| What you are asked to do |
Beginning with the line that contains "Girl and big", copy each subsequent line of the data below through the last one, including both ends but not the pictures.

| Given material |
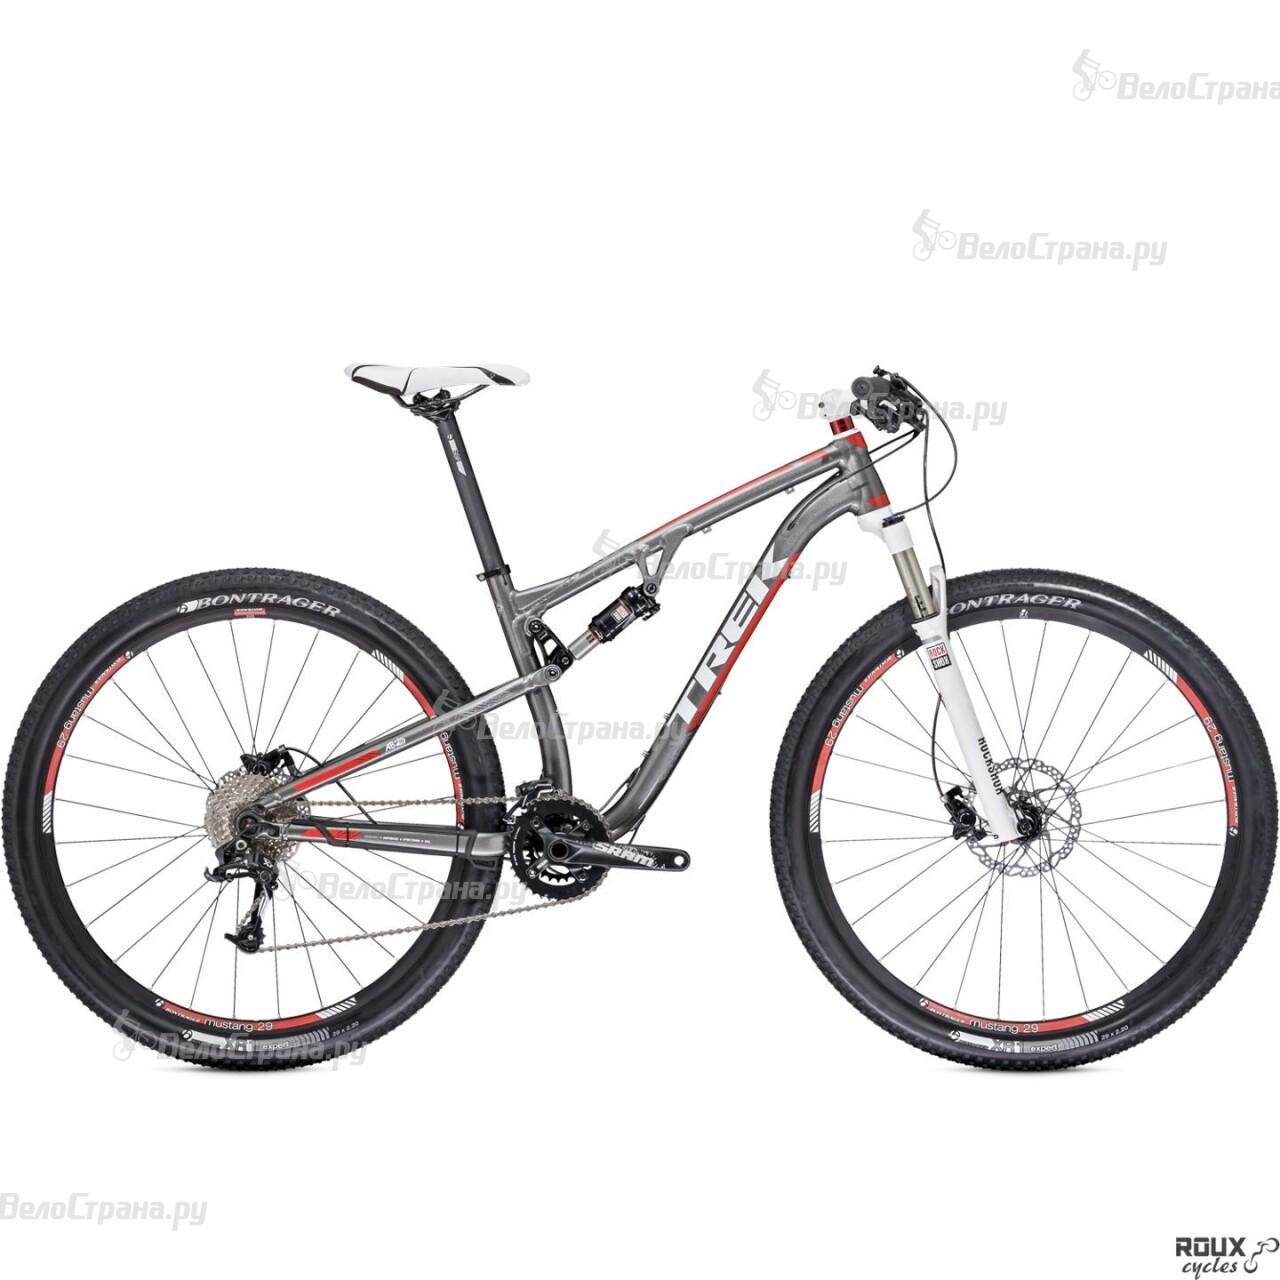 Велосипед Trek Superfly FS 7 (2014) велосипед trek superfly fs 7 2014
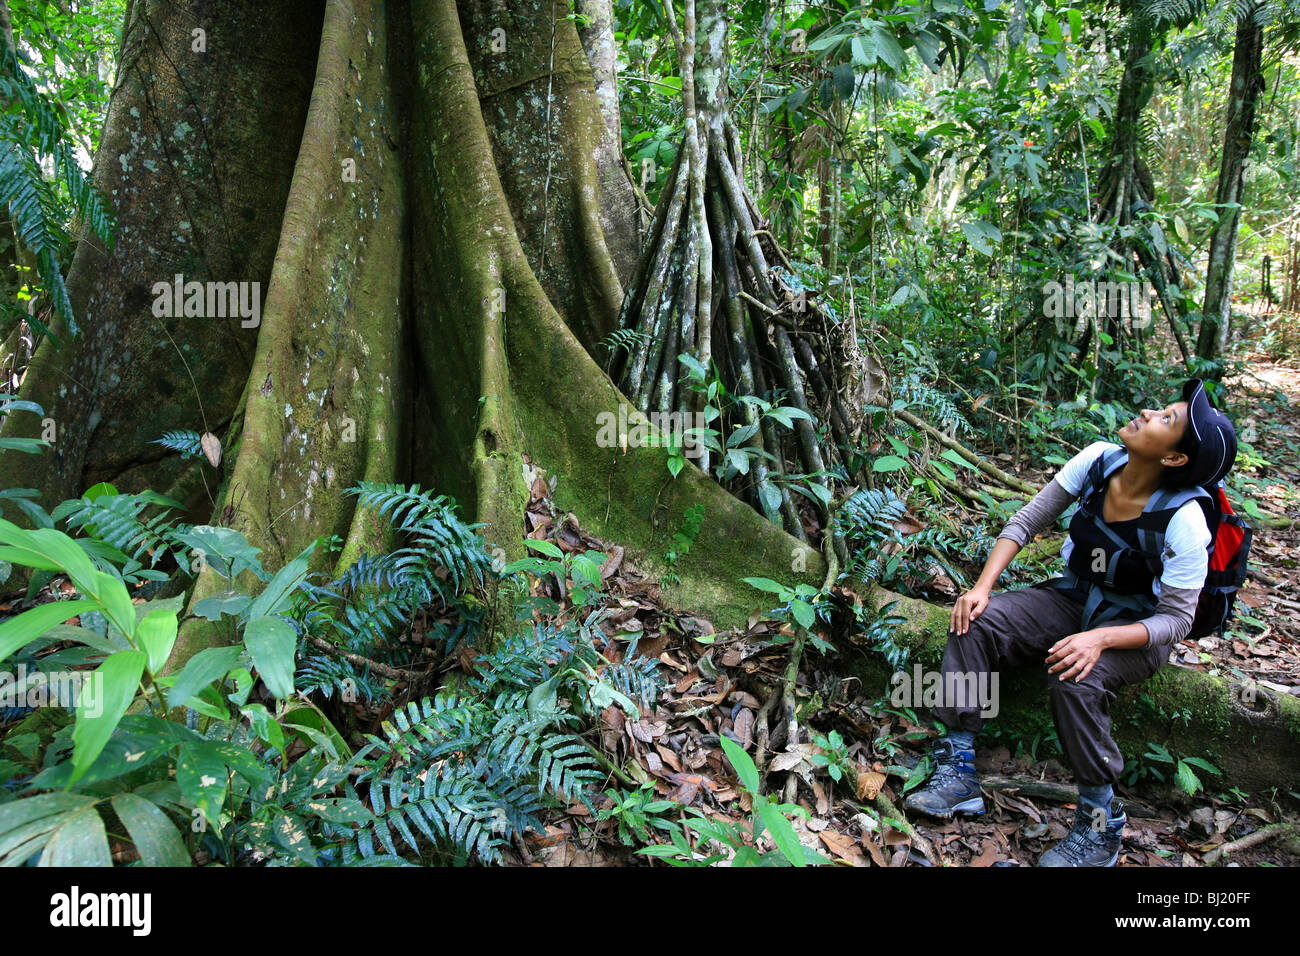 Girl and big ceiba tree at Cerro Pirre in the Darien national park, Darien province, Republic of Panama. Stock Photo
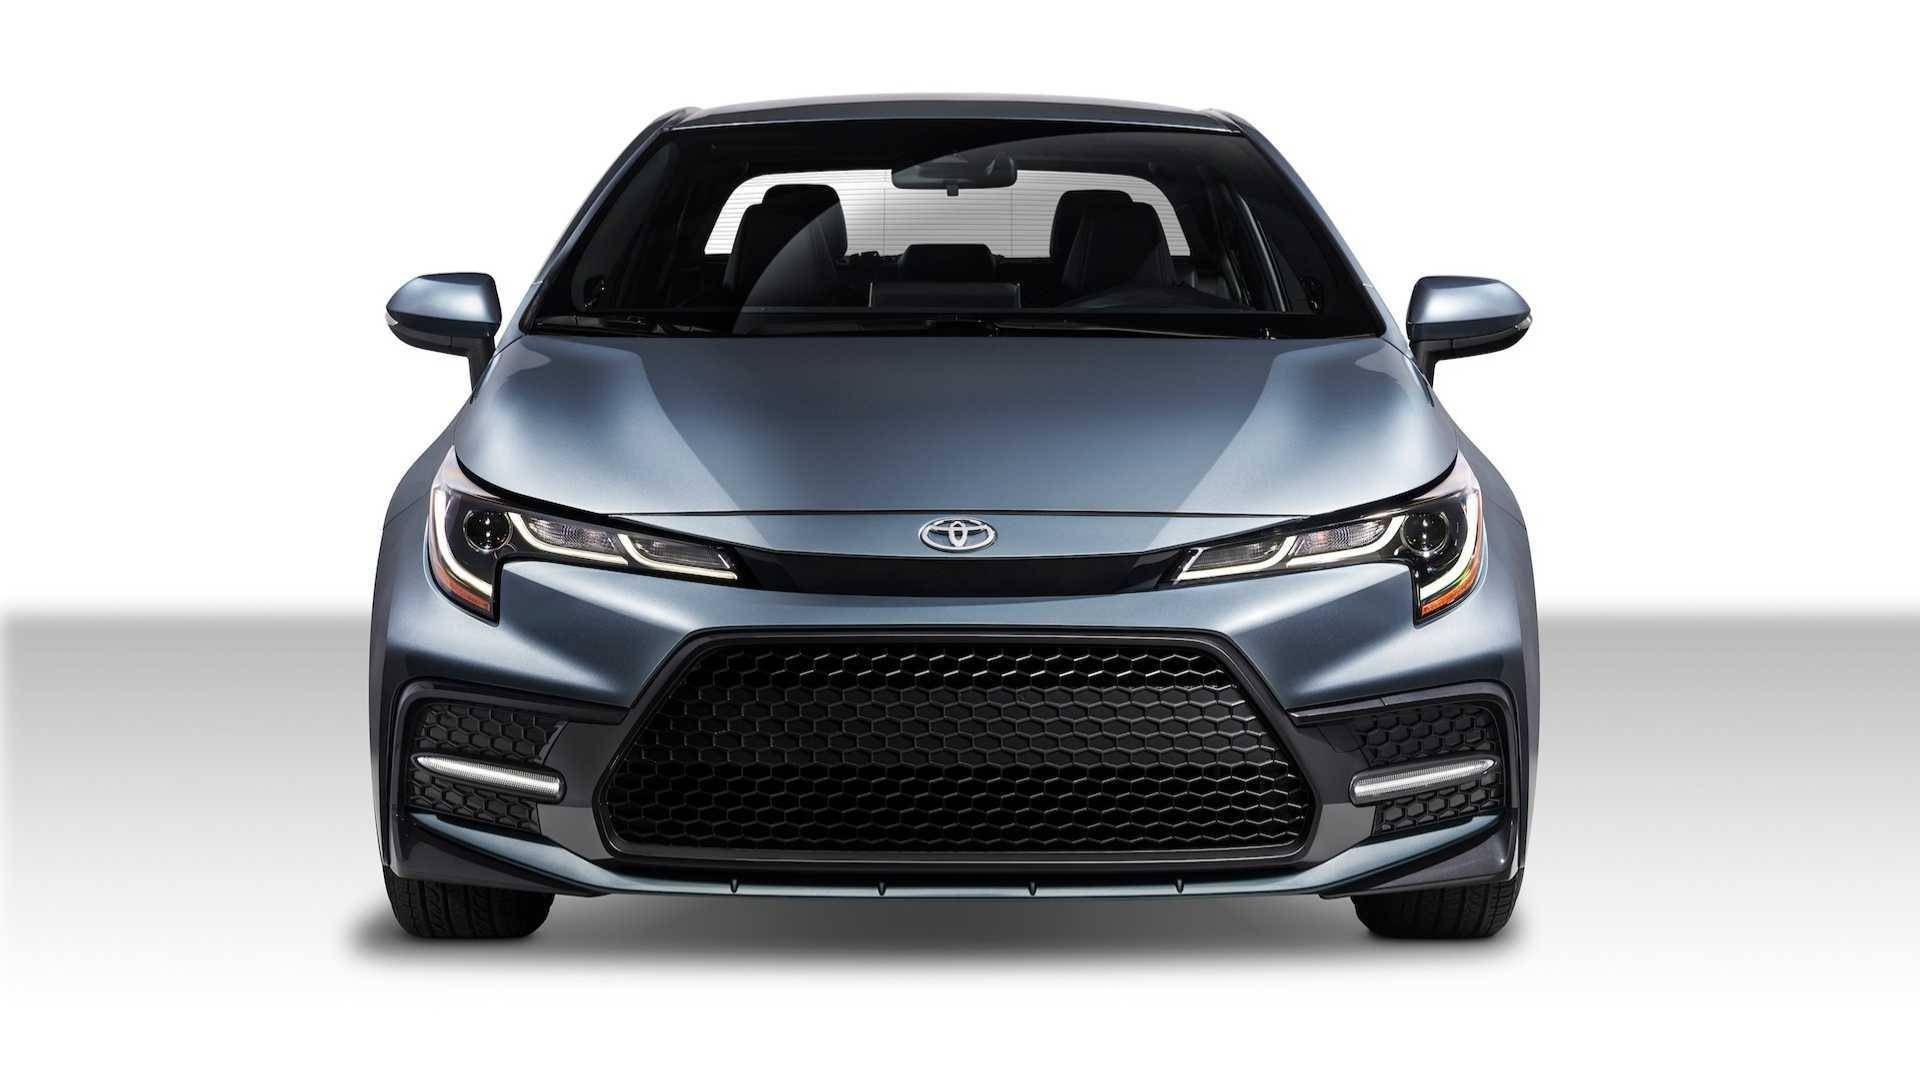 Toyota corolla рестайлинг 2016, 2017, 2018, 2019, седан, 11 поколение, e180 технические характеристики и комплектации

| Response to the exercise |
 Girl and big ceiba tree at Cerro Pirre in the Darien national park, Darien province, Republic of Panama. Stock Photo
 Toyota corolla рестайлинг 2016, 2017, 2018, 2019, седан, 11 поколение, e180 технические характеристики и комплектации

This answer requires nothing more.